* _Brief_
Repeat all of the data word for word so that only the pictures are missing from the copy.

* _Exercise data_
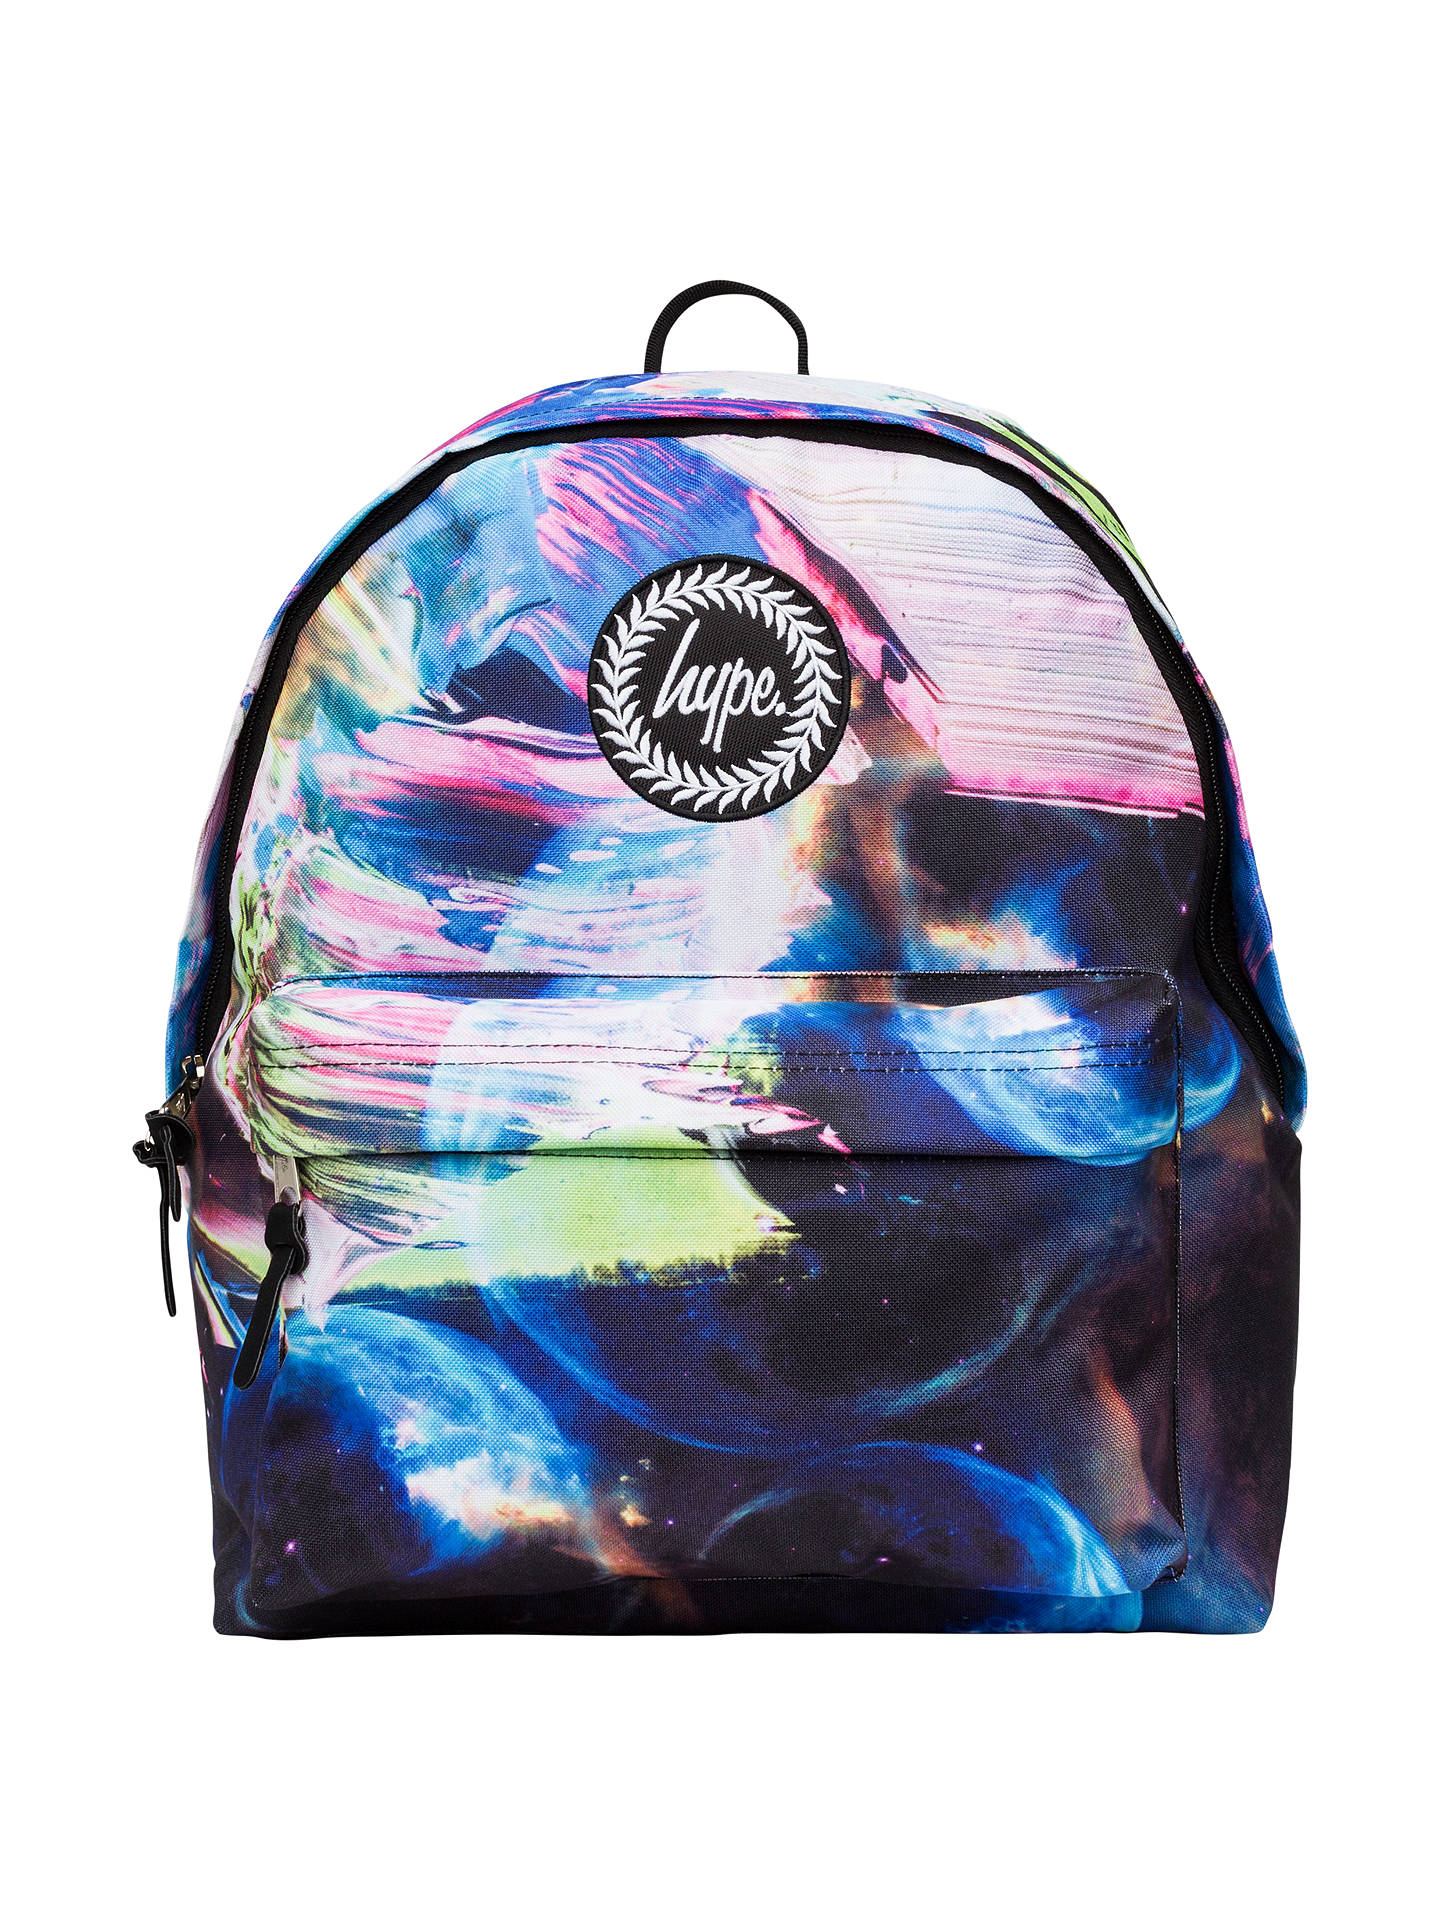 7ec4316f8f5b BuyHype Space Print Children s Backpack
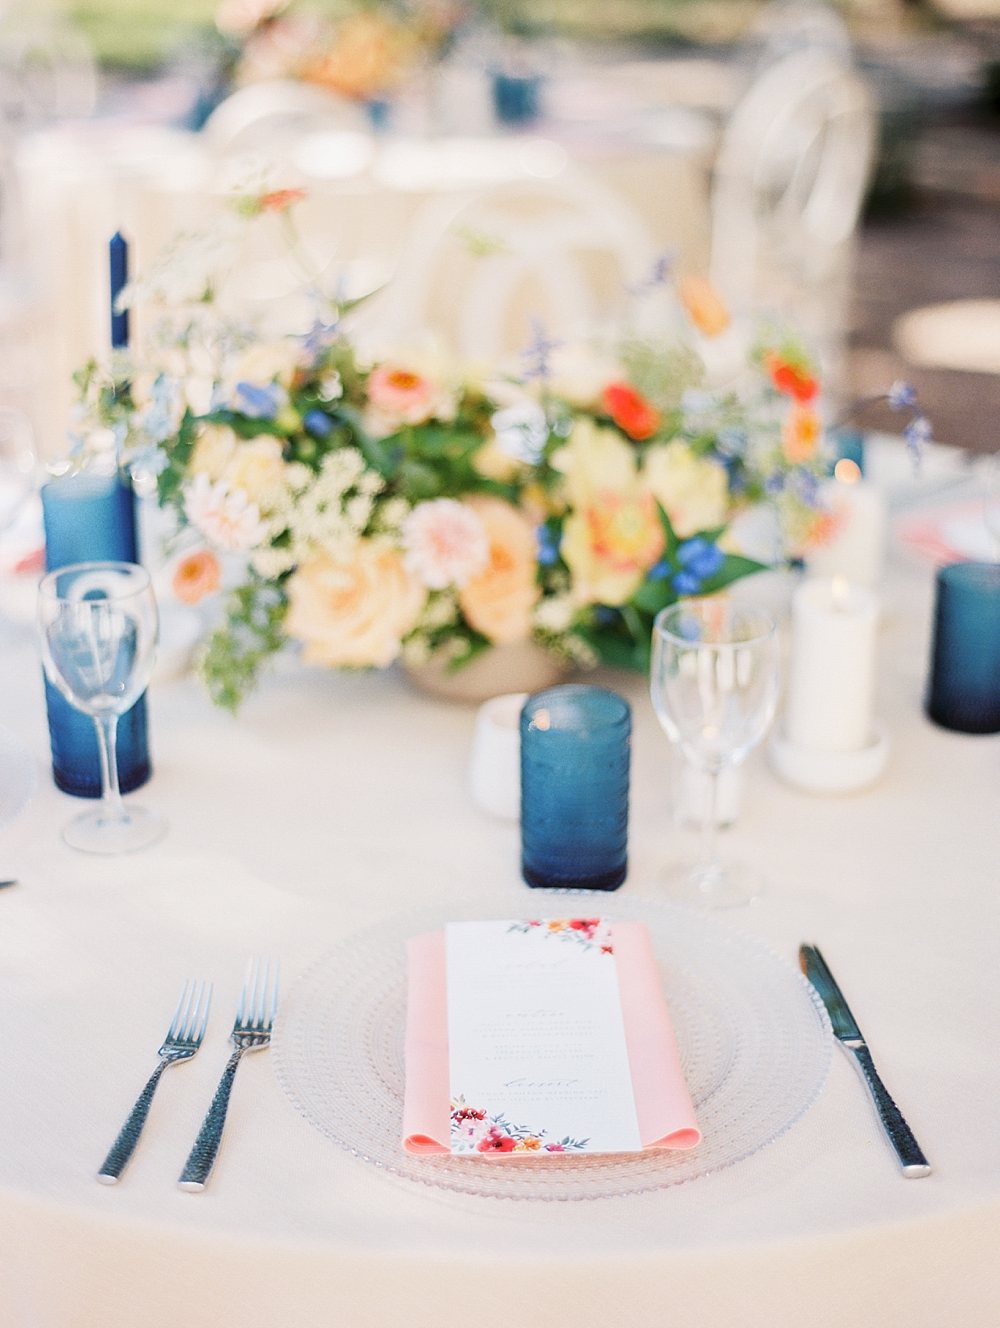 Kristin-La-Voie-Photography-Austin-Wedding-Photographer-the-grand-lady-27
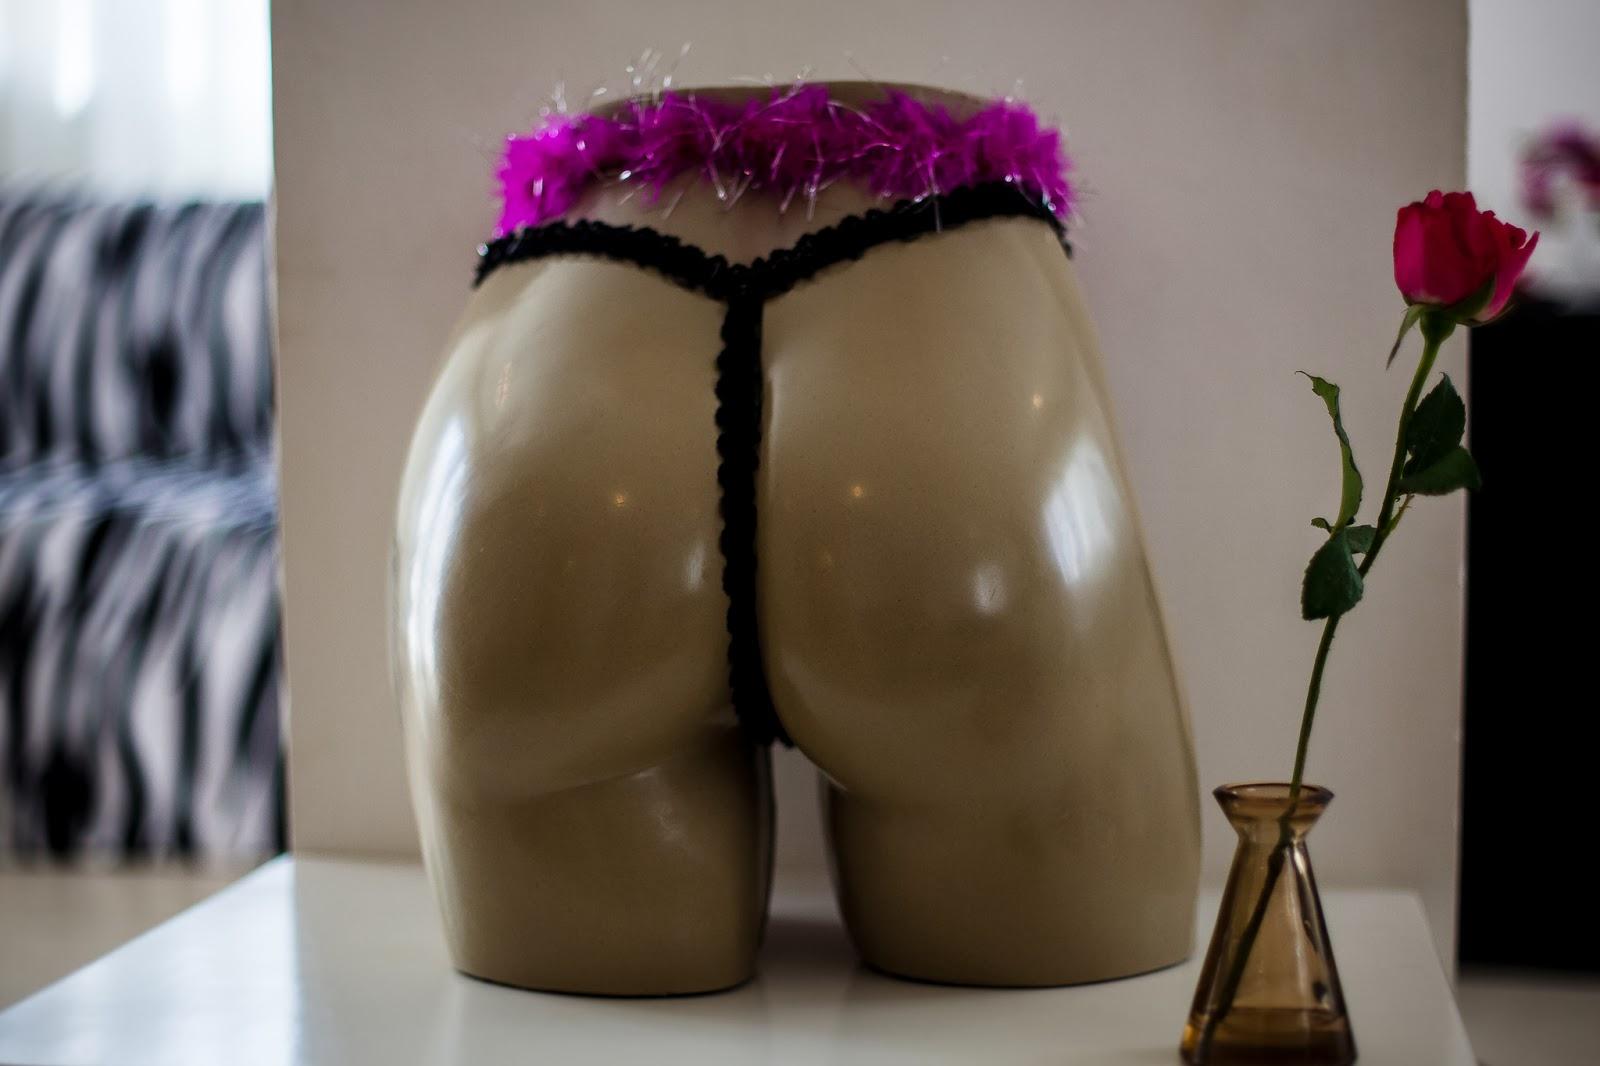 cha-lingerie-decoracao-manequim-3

* _Output below_
 7ec4316f8f5b BuyHype Space Print Children s Backpack
 Kristin-La-Voie-Photography-Austin-Wedding-Photographer-the-grand-lady-27
 cha-lingerie-decoracao-manequim-3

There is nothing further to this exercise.